It was previously shown that ⁸⁷Thr, ¹⁰⁹Lys and ¹⁰⁶Tyr, key conserved residues involved in the conformational switch are not important in the coupling of peptide binding to increased rates of phosphorylation.⁸ Two additional residues near the active site, ¹⁴Phe and ⁵⁹Asn, display completely different rotamer conformations in the CheZ_200-214 peptide-bound structures as compared to inactive and active CheY structures not bound to peptide (Figure 10(a) and Figure 10(b)). ⁵⁹Asn is highly conserved in all species within the proteobacter group and ¹⁴Phe is highly conserved in γ-proteobacteriaceae, Enterobacteriaceae and β-proteobacteriaceae families (data not shown). ¹⁴Phe has been previously implicated in regulating the solvent accessibility of the active-site pocket in structures of CheY bound to CheA-P2.^22,24 It has been reasoned that when CheY is bound to P2, the phenyl group of ¹⁴Phe is rotated away from the active site, increasing accessibility of the phospho-histidine. A similar configuration of ¹⁴Phe is observed in the CheZ_C peptide-bound structure but not in the FliM_N-bound structure. The change in rotamer conformation of ⁵⁹Asn is also observed in the FliM_N-bound^20,21 as well as CheA-P2-bound^22-24 structures of CheY proteins.

Figure 10.

Role of key residues in peptide-induced acceleration of CheY phoshorylation. (a) Active site features of CheY in BeF₃⁻-free ^F432YZ_200-214 superimposed on inactive Mg²⁺-bound CheY. (b) Active site features of CheY in BeF₃⁻-bound ^P2(1)2(1)2YZ_200-214 superimposed on BeF₃⁻-activated CheY. Key features in BeF₃⁻-free ^F432YZ_200-214 are shown in cyan, in BeF₃⁻-bound ^P2(1)2(1)2YZ_200-214 in orange, in inactive Mg²⁺-bound CheY in red and in BeF₃⁻-activated CheY in green. The Mg²⁺ ion (magenta), water molecules (deep red) and the BeF₃⁻species (yellow) at the active site are shown. The BeF₃⁻-free ^F432YZ_200-214 structure solved from a crystal grown in Tris (pH 8.4) is used as a representative of all ^F432YZ_200-214 structures in (a). (c) Role of ¹⁴Phe and ⁵⁹Asn. Rates of phosphotransfer to WT CheY, CheY¹⁴F→A and CheY⁵⁹N→A proteins from ammonium phosphoramidate in the presence (+) and absence (−) of the CheZ_200-214 peptide are shown as bars (see Materials and Methods). Each rate corresponds to an average from three independent experiments with standard errors indicated.

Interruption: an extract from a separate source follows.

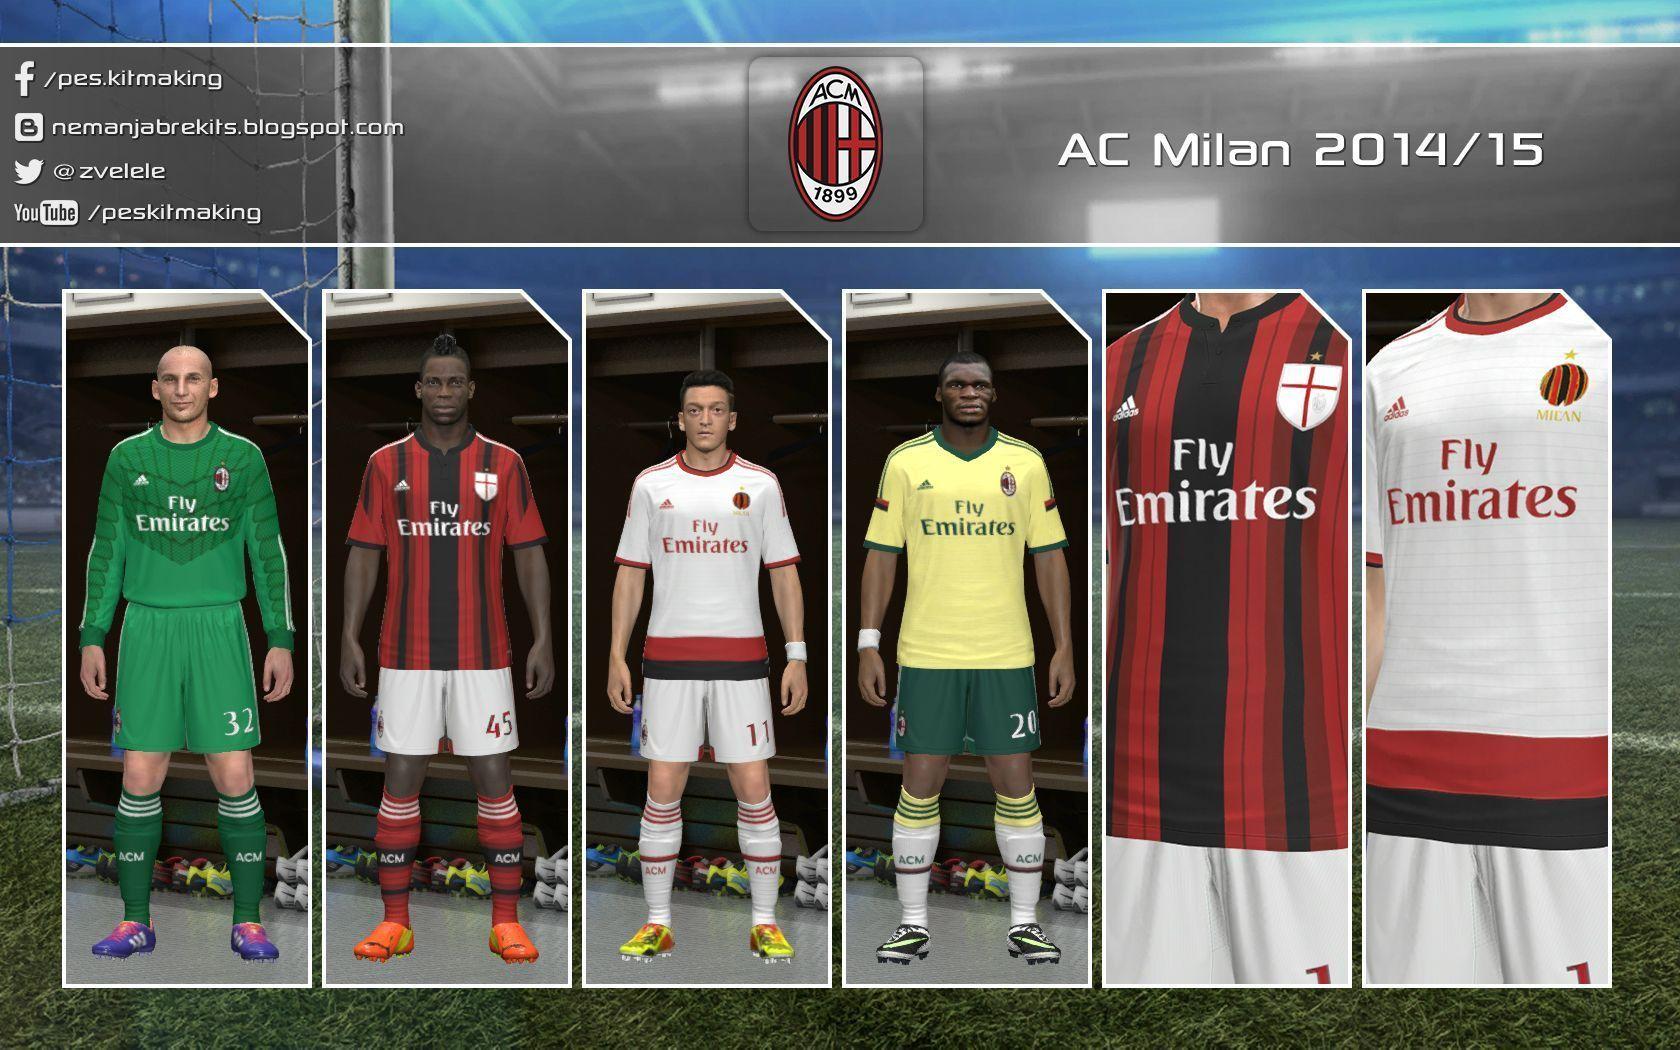 Ac Milan Wallpapers 2015 1680x1050
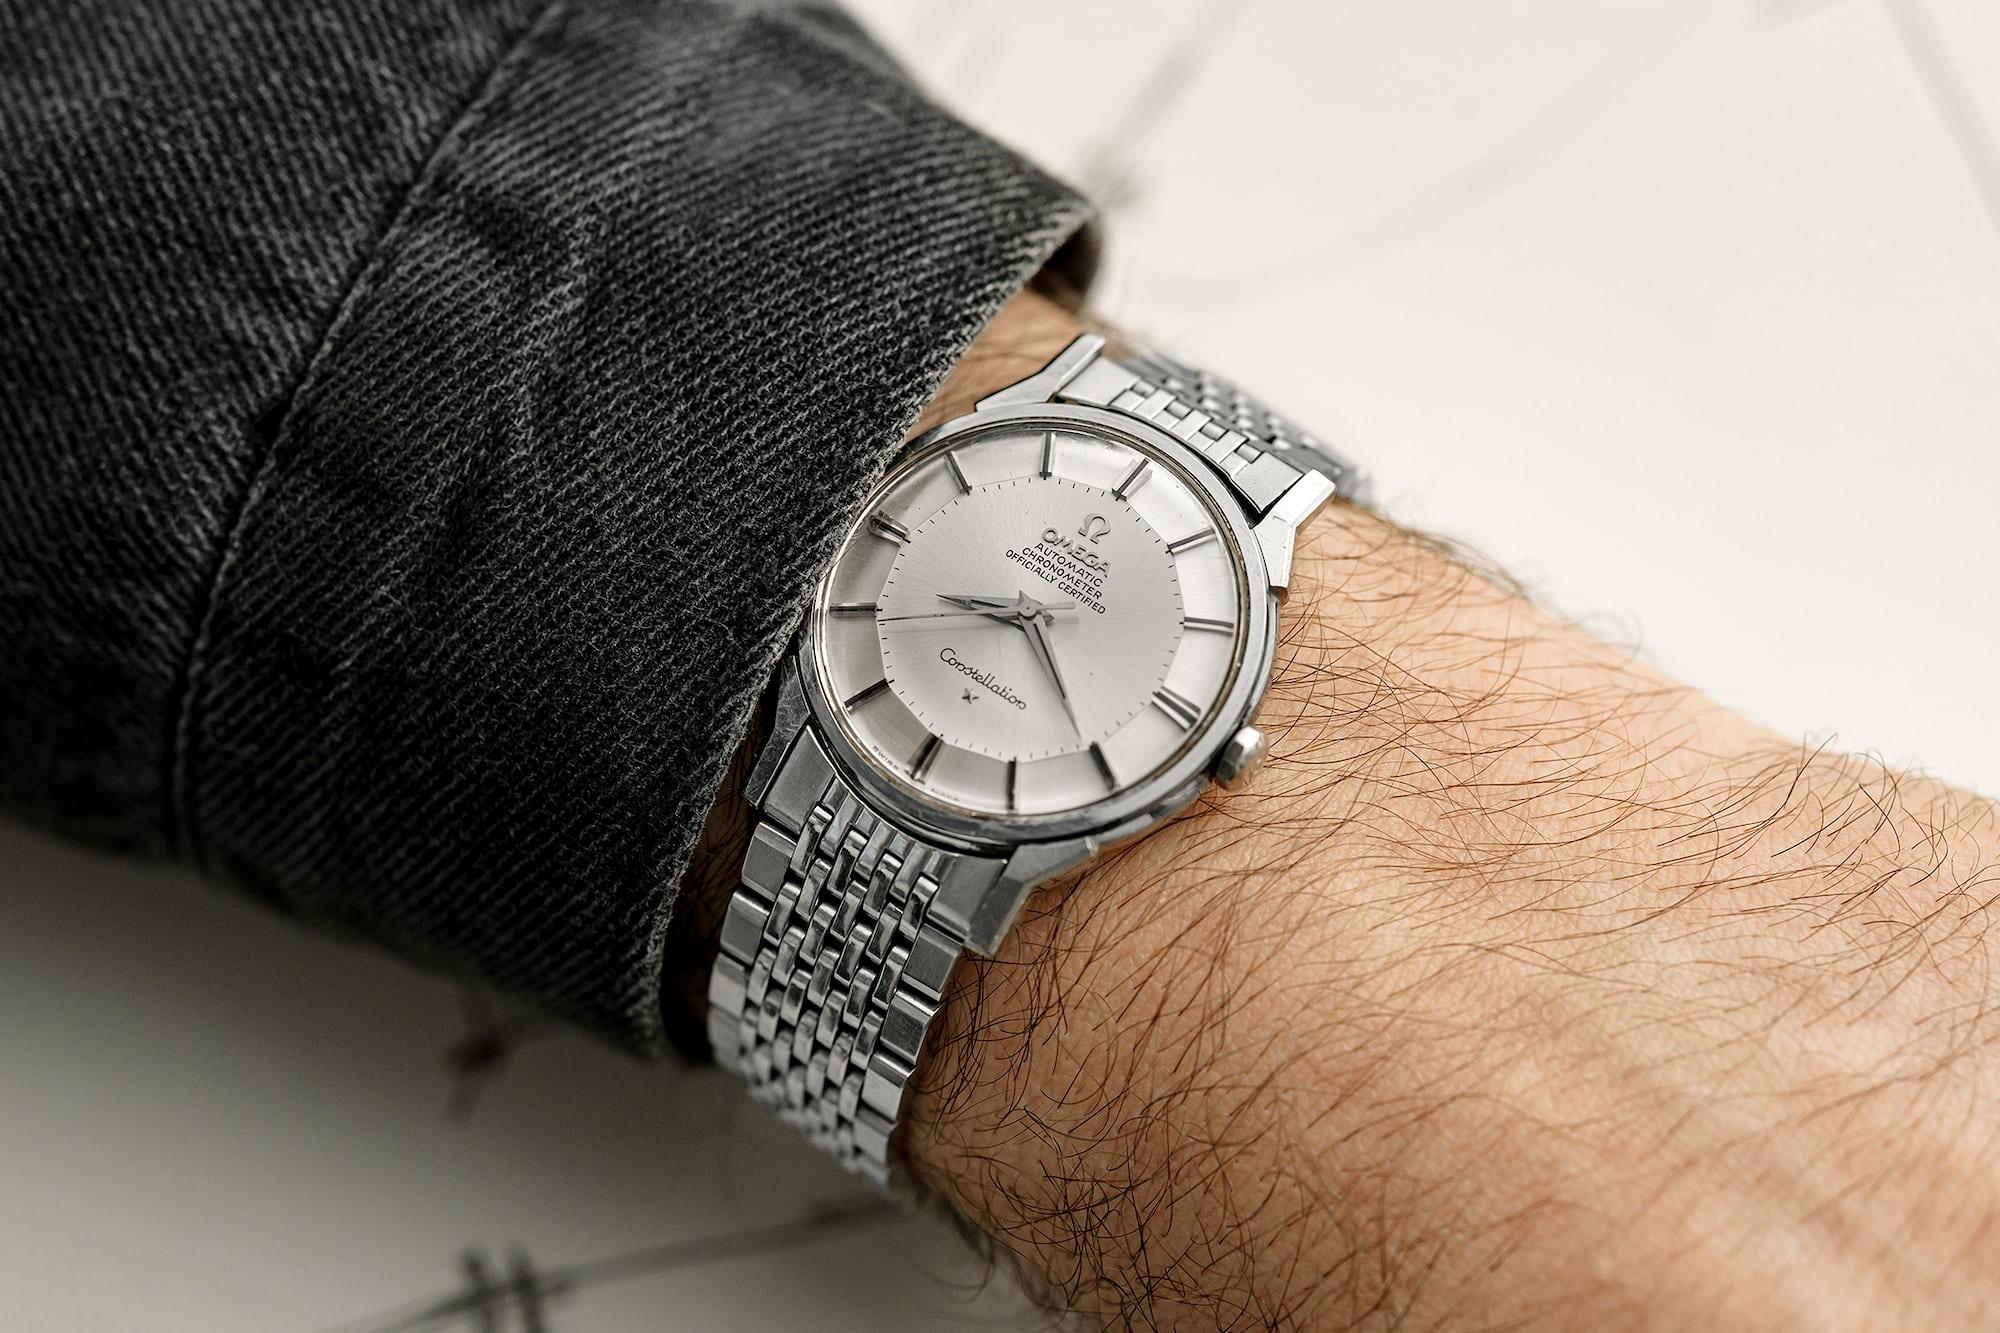 """<p><a href=""""https://shop.hodinkee.com/products/2488-omega-constellation-on-bracelet"""" rel=""""noopener"""" target=""""_blank"""">1966 Omega Constellation Ref. 167.005 With 'Pie-Pan' Dial</a></p>"""

In order to assess the significance of the different rotameric conformations of ¹⁴Phe and ⁵⁹Asn in the acceleration of CheY phosphorylation upon CheZ_C binding, phosphorylation kinetics of CheY proteins containing alanine substitutions at ¹⁴Phe and ⁵⁹Asn (CheY¹⁴F→A and CheY⁵⁹N→A) were measured in the presence and absence of the CheZ_200-214 peptide by following changes in ⁵⁸Trp fluorescence (see Materials and Methods). Extending previous observations, we found that changes in charge, bulk and rotameric conformations of key residues have little effect on the enhancement of phosphorylation upon peptide binding (Figure 10(c)). Consistent with earlier results, the presence of the CheZ_200-214 peptide increased the phosphorylation rate of the WT protein by 10-fold.⁸ While both mutant proteins alone have phosphorylation rates 1.5- to 2-fold less than the WT protein, both mutant proteins exhibit 10-fold greater rates in the presence of CheZ_200-214 peptide, exactly similar to the WT protein.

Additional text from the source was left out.